2. Description of the Related Art
Up to now, in a hospital and the like, body temperatures of patients are measured and managed on a regular basis. In general, to measure the body temperature, a clinical thermometer is attached to a body part to be measured of a subject and held still for a predetermined time until the measurement is completed. Further, it is important to measure a deep body temperature in body temperature management, monitoring of a bloodstream state, and the like during a surgical operation. However, it is difficult to measure the deep body temperature in a normal state. In general, in order to measure the body temperature, a surface temperature of a living body, which is different from a deep body temperature thereof in an ordinary state, is measured, and hence in a case where the measurement is performed with the clinical thermometer held under the armpit, it is necessary to wait until the deep body temperature and the surface temperature reach equilibrium with the armpit closed. Further, a clinical thermometer is commercially available which predicts an equilibrium point by substituting a state of change in temperature until the deep body temperature and the surface temperature reach equilibrium into a formula and determines the equilibrium point as the body temperature. Further, after completing the measurement, a measurer needs to perform such work of confirming and recording a result of the measurement.

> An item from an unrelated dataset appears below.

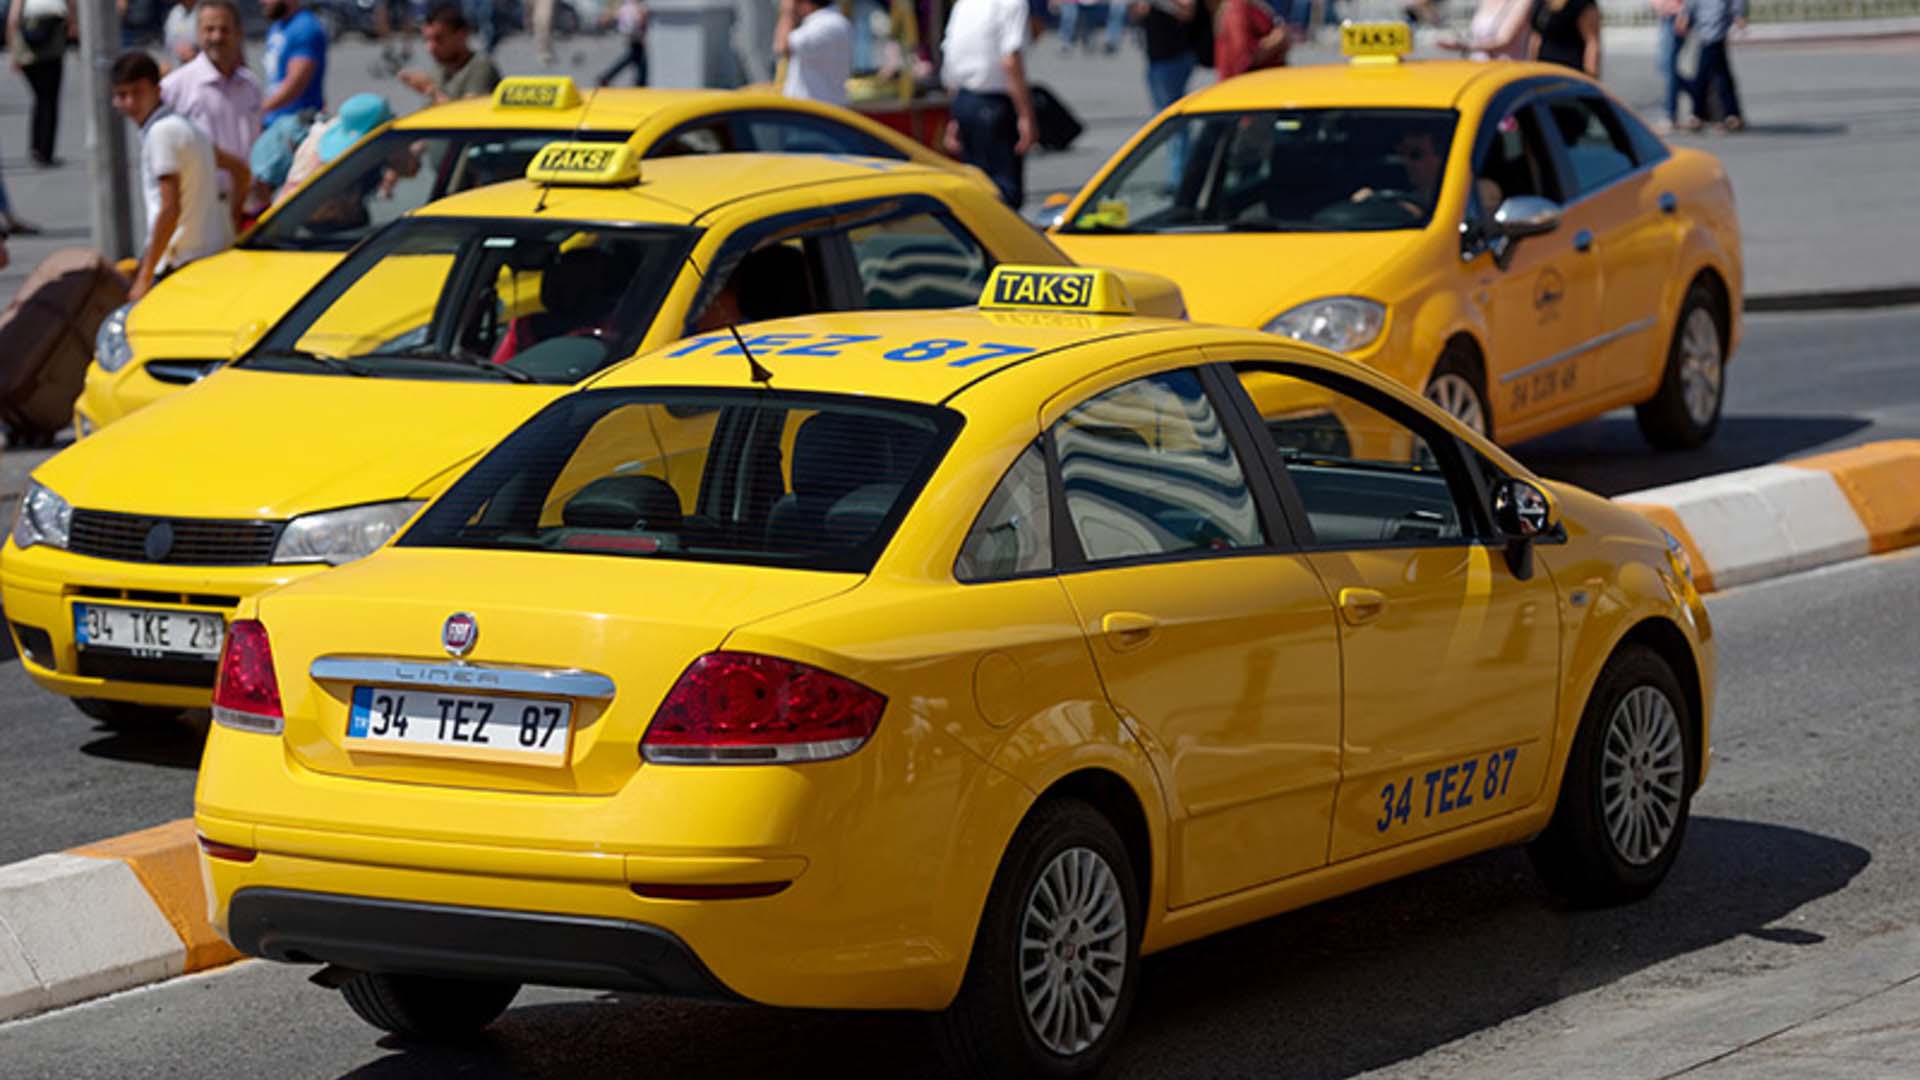 397 taksicinin belgeleri askıya alınmıştı! İBB ve taksiciler görüşme kararı aldı 
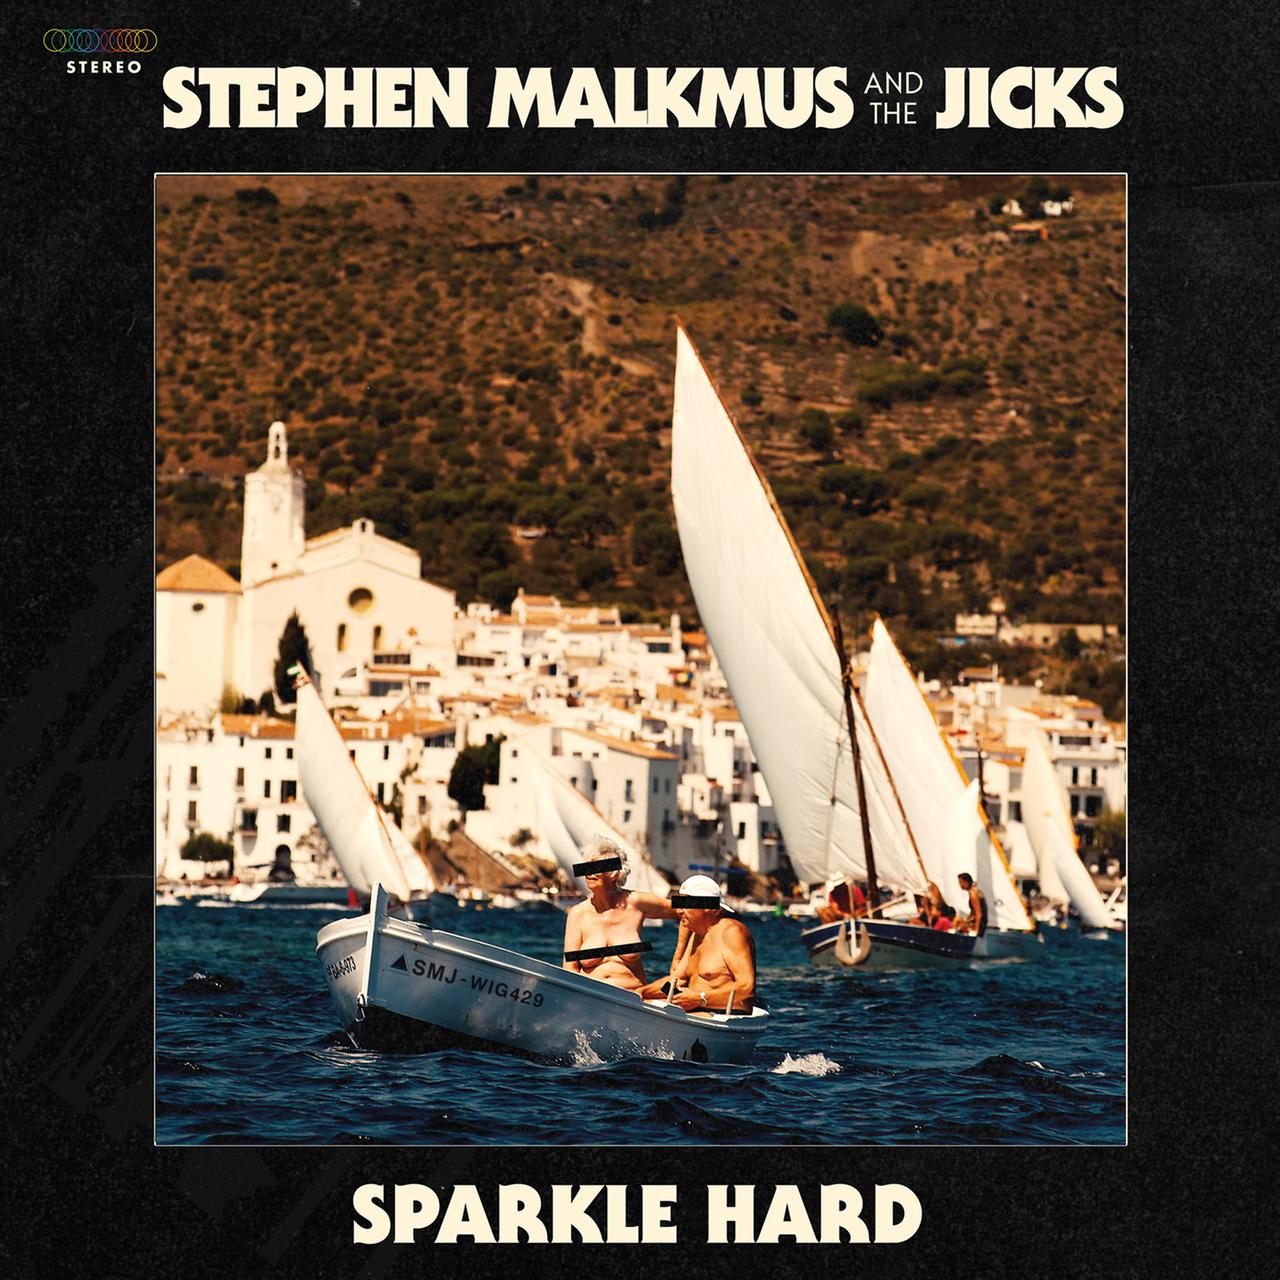 Album Cover von Stephen Malkmus & The Jicks. Das Album heißt "Sparkle hard"

However, in a case where the subject is an infant or a seriously ill patient, it is difficult to keep the clinical thermometer attached to the body part to be measured, and it is not easy to perform accurate body temperature measurement. Further, a prediction type clinical thermometer may often produce a measurement result having a large error because the change in temperature from the start of the measurement becomes unstable in a case where the attachment is not stable or in a case where an environment has changed. Further, the work of confirming and recording the result of the measurement imposes a heavy load on the measurer, and it is desired that the recording be performed without bothering the measurer.
Against such a backdrop, for example, JP 09-126905 A discloses, in page 2 and FIG. 1, a body temperature pickup including a temperature sensing element that is brought into direct contact with the body of the subject and a body temperature measuring unit connected to the temperature sensing element via a lead wire. The body temperature pickup (clinical thermometer) disclosed in JP 09-126905 A includes the disc-like temperature sensing element having a self-adhesive pad and the body temperature measuring unit connected to the temperature sensing element via the lead wire. The temperature sensing element is connected to the body temperature measuring unit via the lead wire at all times, and a temperature (body temperature) detected by the temperature sensing element is measured. It is disclosed that this clinical thermometer allows the self-adhesive pad to be adhered on the body of the subject with ease, thereby being suitable for the measurement of the body temperature of the patient whose body is hard to stabilize.
Further, for example, JP 2010-197244 A discloses, in page 4 and FIG. 1, a body temperature measuring system including: a clinical thermometer having a wireless tag (wireless communication means) including a semiconductor body temperature sensor; and a portable data reader. Hereinafter, referring to FIG. 10, description is made of an outline of the conventional body temperature measuring system disclosed in JP 2010-197244 A. In FIG. 10, the conventional body temperature measuring system includes: a clinical thermometer (adhesive-type clinical thermometer including an antenna) 100 in which the wireless tag including the temperature sensor is located; and a data reader 110 that is portable for the measurer.
The clinical thermometer 100 has a body temperature tag 103, which serves as the wireless tag, sandwiched and fixed between a surface film 101 and a back film 102. The body temperature tag 103 is provided with an antenna unit 104 and a processing unit 105 including the temperature sensor.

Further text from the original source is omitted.